You can get some more info as to what is missing by doing these:

1. Change the LogLevel to debug in /etc/cups/cupsd.conf

```
 

# LogLevel: controls the number of messages logged to the ErrorLog

# file and can be one of the following:

#

#     debug2    Log everything.

#     debug     Log almost everything.

#     info      Log all requests and state changes.

#     warn      Log errors and warnings.

#     error     Log only errors

#     none      Log nothing.

#

LogLevel debug

```

then

2. restart cups , try to print something and then look at the log at /var/log/cups/error_log

You might get some hint what is going wrong.

HTH

----------

## Butts

Well, before I had a chance to try one of these solutions, I ditched cups for lprng. I must say that I definately do not like lprng, but I did get the printer working. If I run into any issues, I will probably go back to cups and try to make it work.

Thanks,

Matt

----------

## Cintra

Hei Butts

What kernel version are you using? I had similar problems with development-sources 2.6.9-rc3.. 

2.6.8.1 worked ok, I believe (didn't spend a lot of time on it) and so far 2.6.9 seems OK.

regards

----------

## Butts

OK. I ditched lprng. That thing sucks.

I am using 2.6.7 and now back with CUPS.

lpstat -t just hangs

It seems as though my command line print commands are all broken. lpr, lpstat, lpq all just hang. Please help.
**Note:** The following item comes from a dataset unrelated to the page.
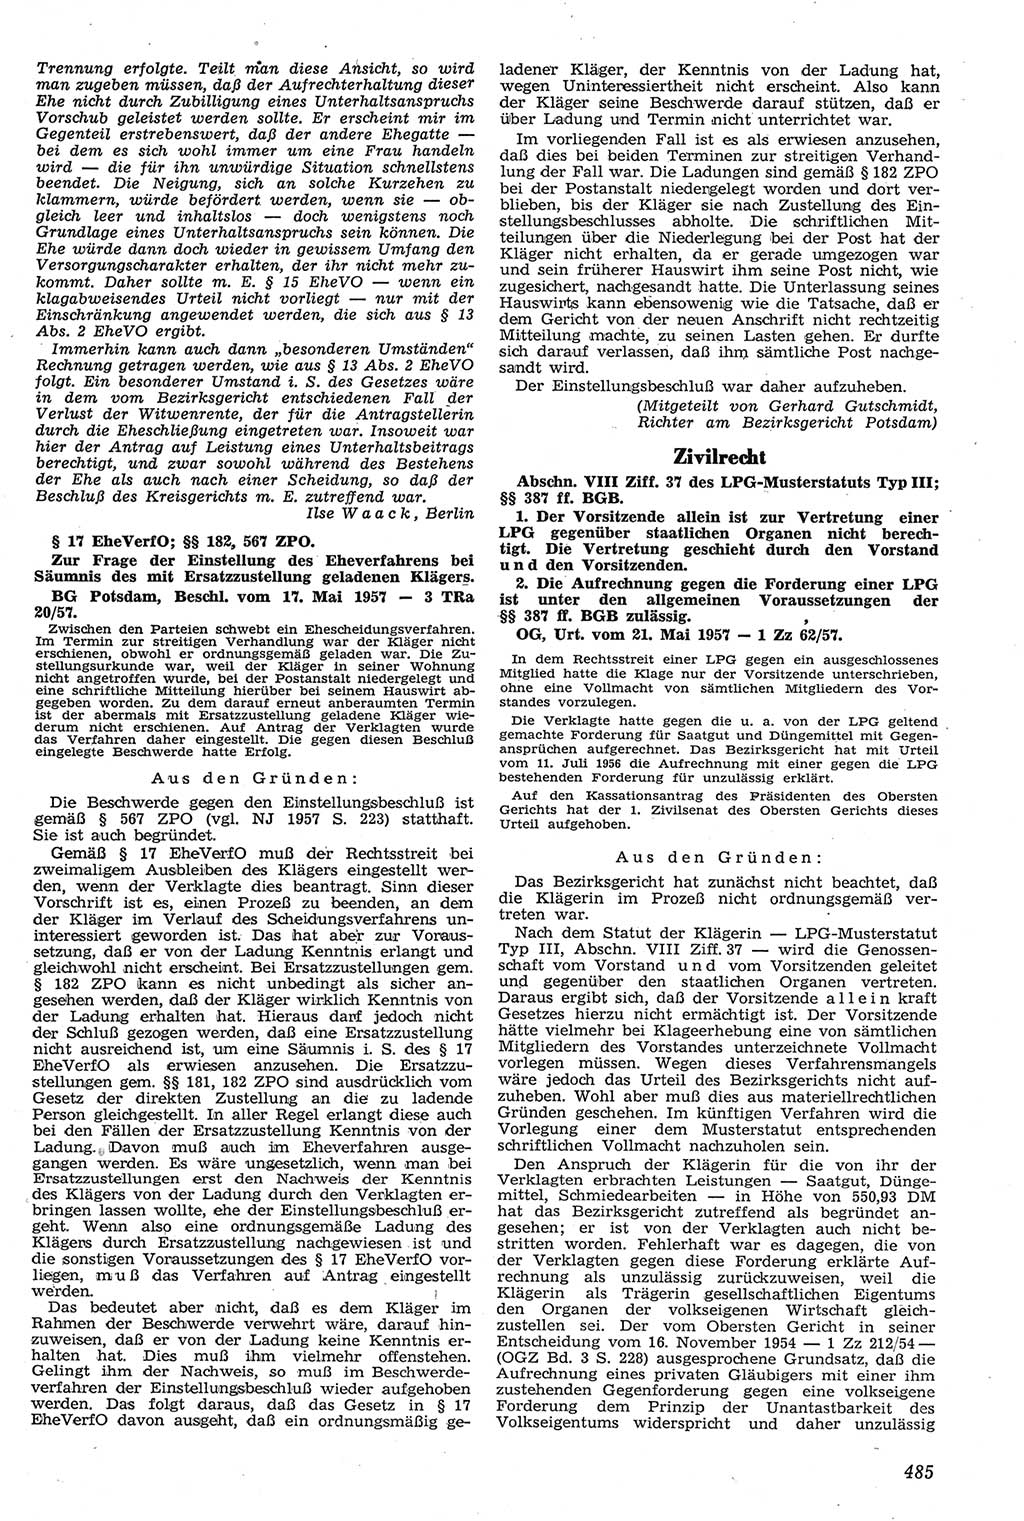 Neue Justiz (NJ), Zeitschrift für Recht und Rechtswissenschaft [Deutsche Demokratische Republik (DDR)], 11. Jahrgang 1957, Seite 485 (NJ DDR 1957, S. 485)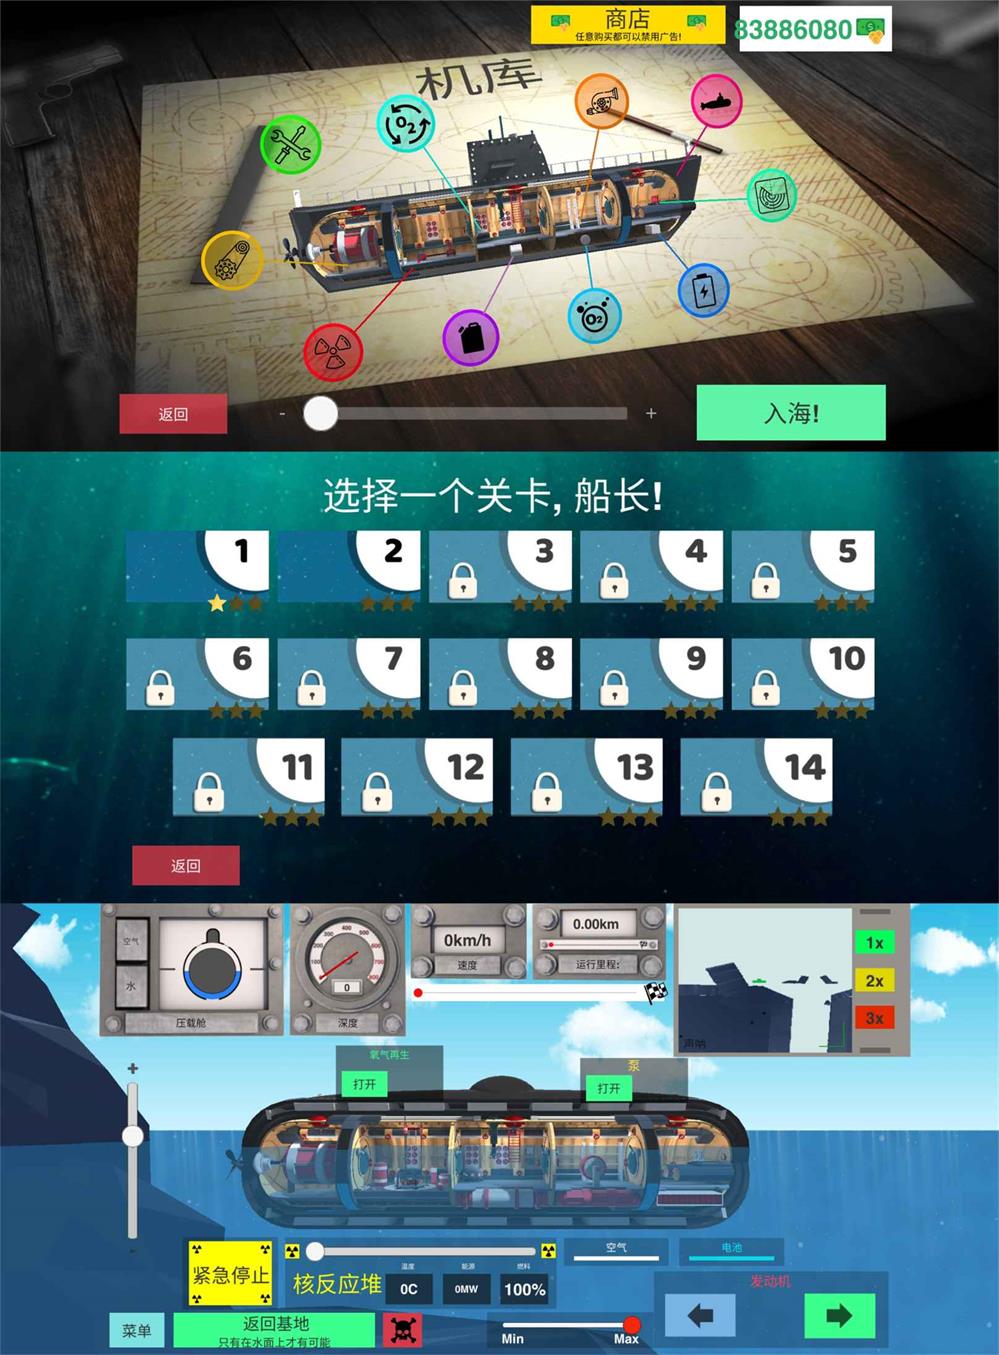 模拟游戏 核潜艇模拟器 图片

Am I missing something in the kernel config?

----------

## papal_authority

Is your printer network, parallel, serial or USB? You'll need to ensure you have the correct driver in your kernel. After that's okay, perhaps try unmerging and re-emerging cups...

----------

## Butts

It's a network printer, and it uses the basic HP driver. Test pages come out beautifully as long as I use the cups web interface.

The problem comes when I try to use lpr or the like.

I tried remerging cups with no luck, same thing happens.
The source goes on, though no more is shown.